Sulfasalazine - Liver panel, CBC and if you do show anemia, the John Hopkins mentions a test for "a deficiency of the enzyme glucose 6-phosphate dehydrogenase (G6PD) which may predispose patients to red blood cell hemolysis and anemia".


Leflunomide or Arava - Liver panel (hepatic panel) and CBC. Again, if you are experiencing alot of stomach upset, you should talk with your doctor about what can be done to help you.


TNF - Tumor Necrosis Factor Inhibitors 
Etanercept or Enbrel - TB test before you start Enbrel.  CBC before you start Enbrel. Hepatitis B test. Liver Screening. Screening by a dermatologist before you start Enbrel (from the Enbrel website: "Melanoma and non-melanoma skin cancer (NMSC) have been reported in patients treated with TNF blockers, including ENBREL. Periodic skin examinations should be considered for all patients at increased risk for skin cancer.") And if you have ever had any type of cancer, I would talk with your specific cancer doctor about the use of tnf medications and if they are appropriate to you and your specific cancer history. And be vigilant on age and gender specific cancer screenings: breast, prostrate, ovarian, and colorectal. And if you have any history of heart disease or COPD in your family or have experienced any heart issues, seek the consultation of a cardiologist.


Adalimumab or Humira - Same tests as for Enbrel.


Infliximab or Remicade - Same tests as for Enbrel.


Abatacept or Orencia - Same tests as for Enbrel.


Rituximab or Rituxan - This medication is taken along with methotrexate. My wish list tests would include the tests above for methotrexate and those for Enbrel.


Anakinra or Kineret - CBC to monitor for infections.


Gold injections - According to Medicine net "Your doctor will be closely monitoring certain lab tests (e.g., white blood cells, platelets) before you start therapy and before each injection. It is important that you keep all medical/lab appointments." 

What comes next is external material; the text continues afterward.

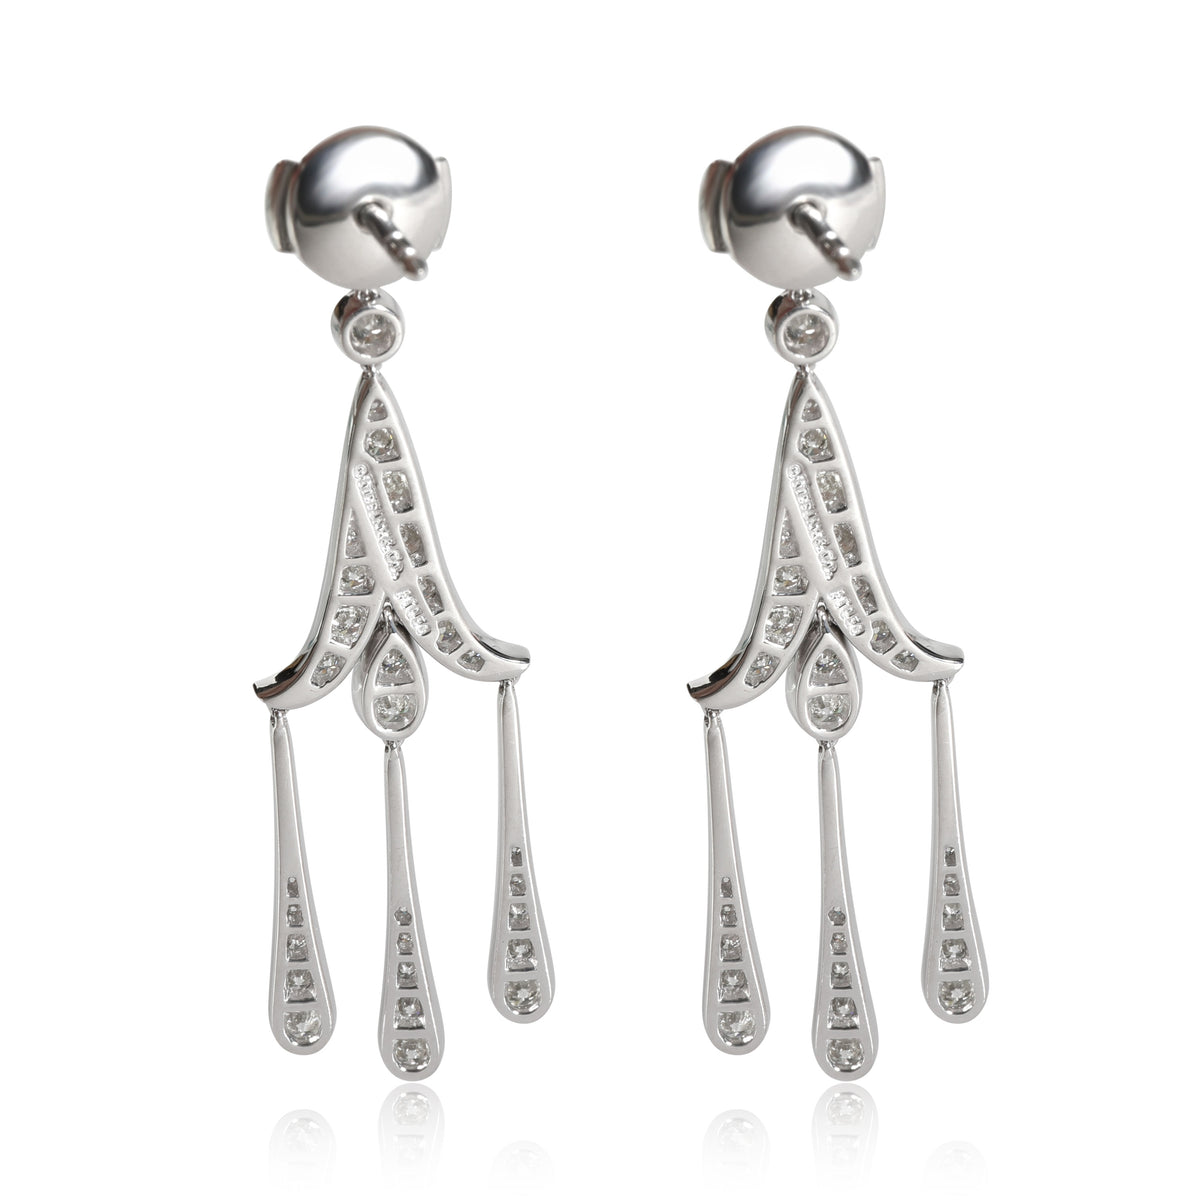 Tiffany & Co. Legacy Diamond Earrings in 18K White Gold 1.75 CTW
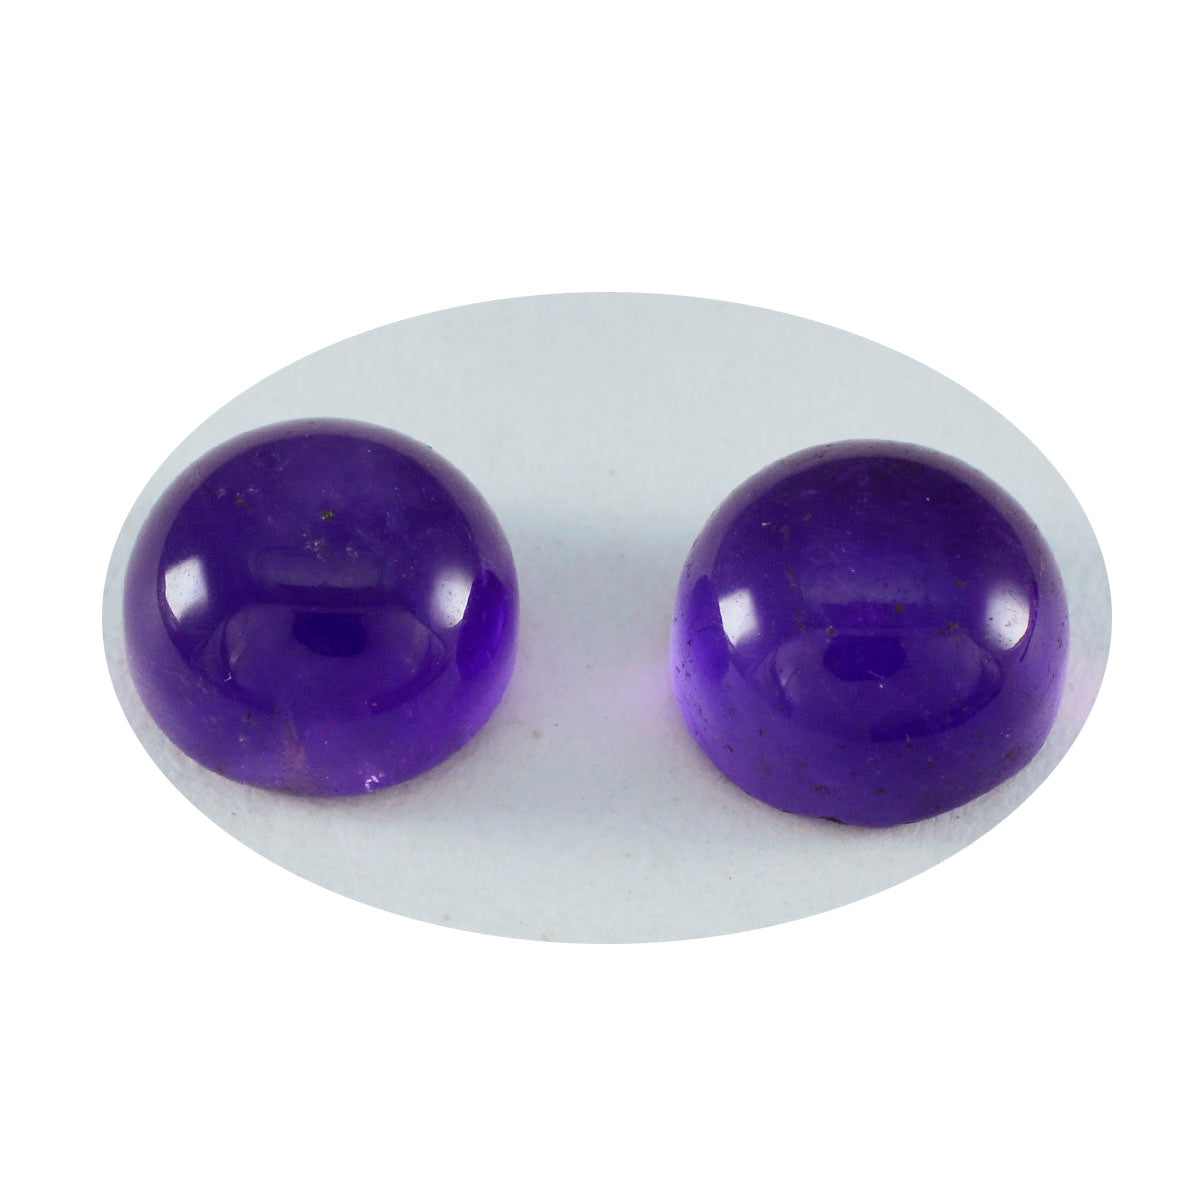 Riyogems 1PC Purple Amethyst Cabochon 9X9 mm Round Shape A Quality Gems

Azathioprine or Imuran - Same tests as for Enbrel. According to the John Hopkins website: "Screening for levels of the enzyme thiopurine methyltransferase (TPMT) is recommended before initiating therapy with azathioprine.  Certain individuals have deficiencies in this enzyme that metabolizes azathioprine with a concomitantly increased risk of toxicitiy for the medication. "


This list is just a test wish list that as an empowered patient you can talk with your rheumatologist about and other specialists that you may want to include in your healthcare team to monitor your health. And by all means if you are experiencing something that is not normal for you, do report it to your rheumatologist. Every person experiences medications differently and just because the side effect isn't listed somewhere, doesn't mean you shouldn't report it to your doctor.


I want you to improve your life which means containing your ra. I know there are no cures...yet. But hopefully this wish list of mine will keep you healthier and give you a heads up of things to keep an eye on. And do, by all means, inform any other specialist that might be caring for you of medication changes or proposed medication changes. For example if you are seeing a pulmanologist, cardiologist, or under the care of a doctor for any previous cancers....talk to them before you start any new medication for ra. Often a medication may not be advisible by another doctor treating you for something other then your ra. Be sure your doctors are talking to one another or do the talking yourself if your team doesn't want to play together.


And while I am at this wishing thing...anyone out there know of a fairy Godmother I can put into action to sprinkle fairy dust on all of us so that we can sprout wings and fly.  Nevermind...I'll just go find a medication that has this side effect...just kidding.